Jie Gao, Xiaoshan Huang, & Adam K. Dubé

Abstract

This study investigates the mobile learning experience in Duolingo via a text mining analysis of users' emotional arguments and their overall app ratings of Duolingo app store reviews. Sentiment analysis is employed to extract emotional arguments from 24,391 lines of user feedback of Duolingo from the Google Play store. Analyses explore the relationship between sentiment scores and users' rating scores. The results indicate that higher sentiment compound scores align with elevated Duolingo app ratings and negative sentiments uniquely affecting user ratings.
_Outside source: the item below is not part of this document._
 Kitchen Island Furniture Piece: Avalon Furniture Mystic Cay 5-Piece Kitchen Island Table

This underscores the influential role of emotional arguments in shaping users' perceptions of their mobile learning experiences. Beyond quantitative assessment, this research emphasizes the qualitative dimension of user experience with mobile learning applications. The findings support the study of app store reviews as a meaningful source of information on mobile learning and demonstrate the importance of using sentiment analysis to explore users’ affective experience of mobile learning.

Introduction

Mobile learning is the most studied educational technology of the last decade, with a 269% increase in publications between 2011 to 2021 (Dubé & Wen, 2022). Krouska et al. (2022) found that mobile learning can have a significant and positive impact on students’ academic performance, given that the mobile app is well-designed. Zerihun et al. (2012) argue that users’ affective learning experience plays a key role in measuring the effectiveness of a teaching activity. Thus, measuring students’ affective experience of mobile learning can provide insights into creating well-designed mobile learning apps.
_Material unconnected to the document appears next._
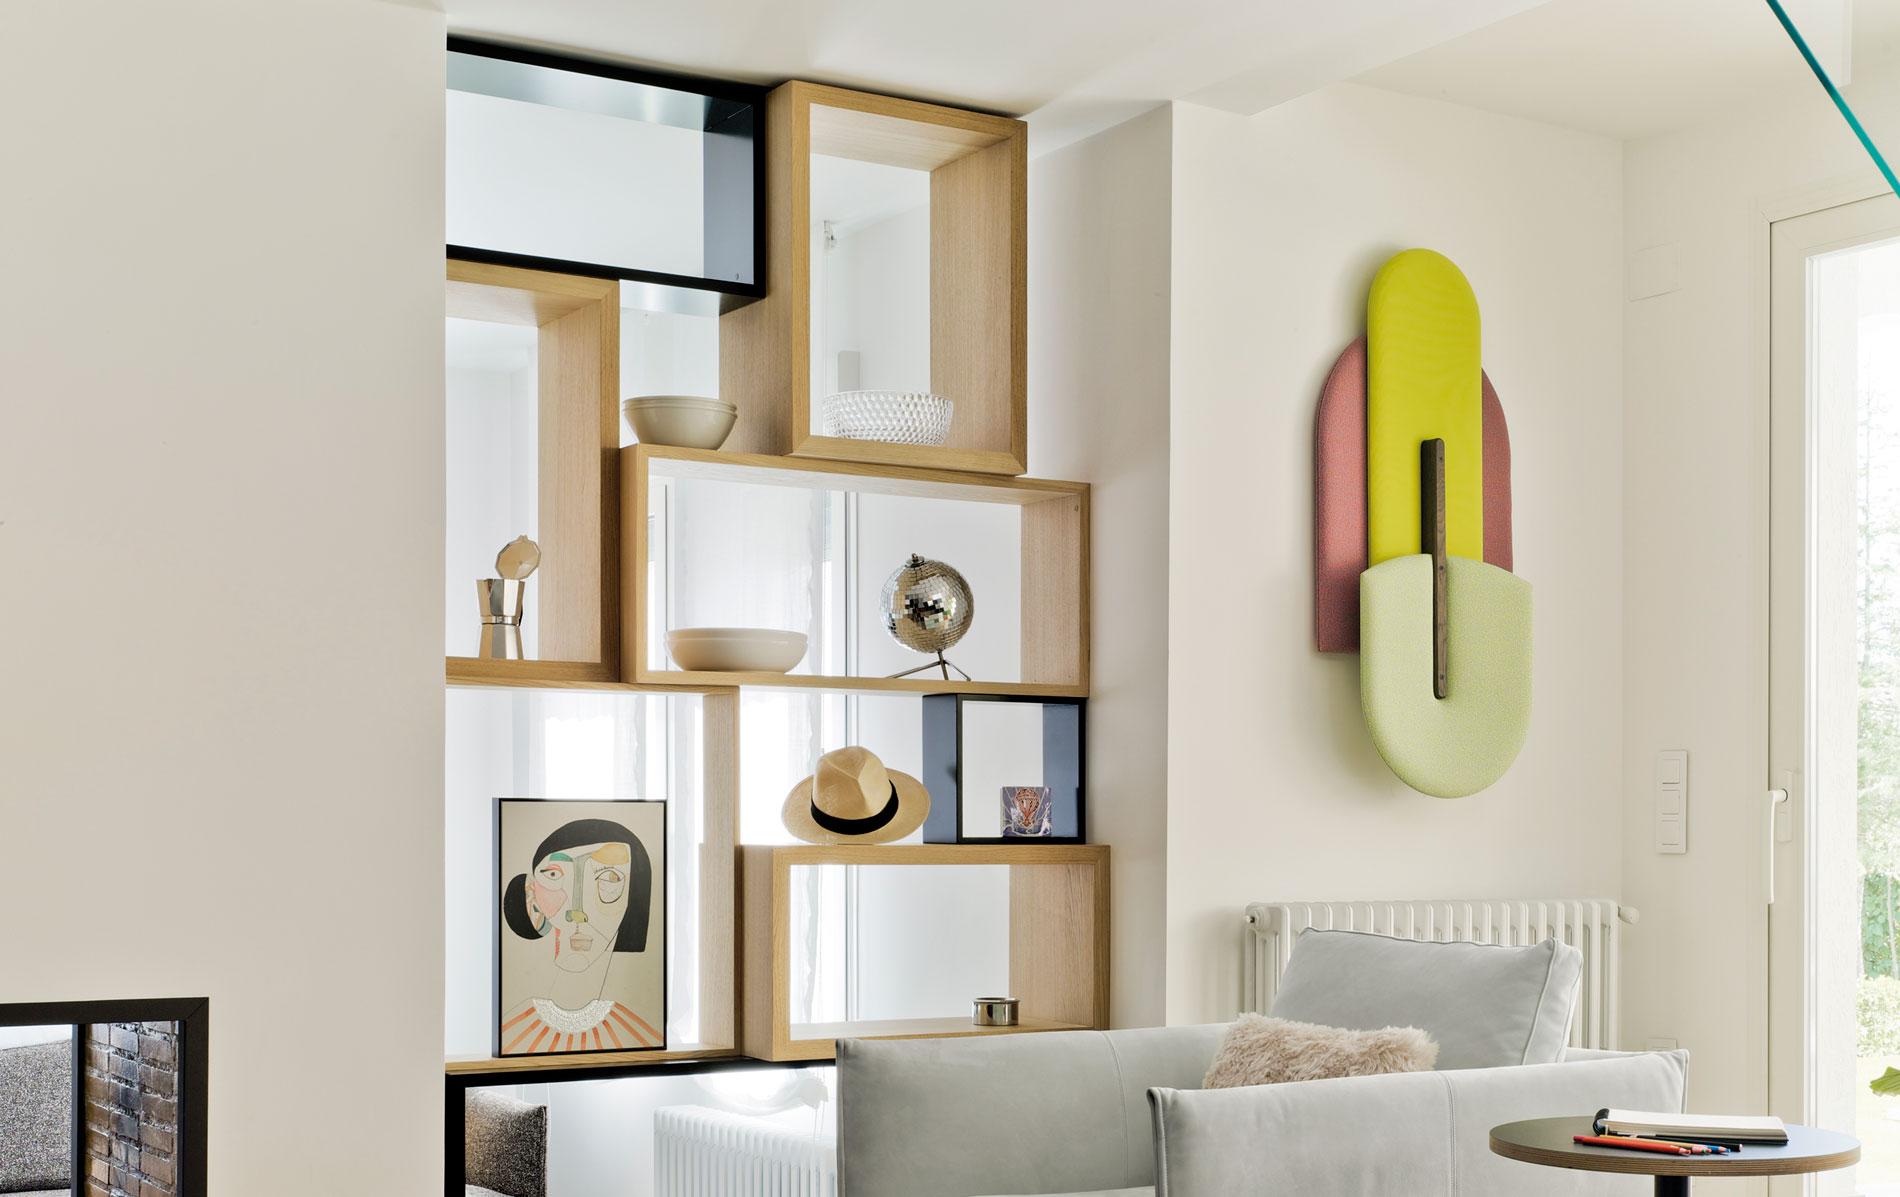 Panel personalizable fonoabsorbente Beetle. Imagen y diseño de SANCAL

Mobile app developers and researchers study app reviews in app stores (e.g., Google Play) to gain insights into users’ experience with mobile learning (Montazami et al., 2022a,b). Several studies (Gao et al., 2018; Genc-Nayebi & Abran, 2017; Guzman & Maalej, 2014) argue that app reviews represent the users' ‘voices’ and can contribute to the development and design of applications. However, leveraging user reviews to infer user experience is not straightforward, as they consist of both quantitative ratings (e.g., 4/5 stars) and qualitative text.

Sentiment analysis could be used to study the text of user reviews. It employs natural language processing (NLP) to ascertain the emotional tone (positive, negative, or neutral) of digital text by converting it into numerical data, enabling the use of machine learning algorithms for predictions and inferences (Tunca et al., 2023). Thus, sentiment analysis could be used to code the polarity of user reviews to identify the viewpoint or opinion expressed in the text (Jebaseel & Kirubakaran, 2012). After doing so, users' affective experience from text reviews could be compared with their quantitative ratings of the app (e.g., 4/5 stars). It is unclear if such an approach would be informative. Analysis of user reviews from a popular mobile learning app could provide a starting point.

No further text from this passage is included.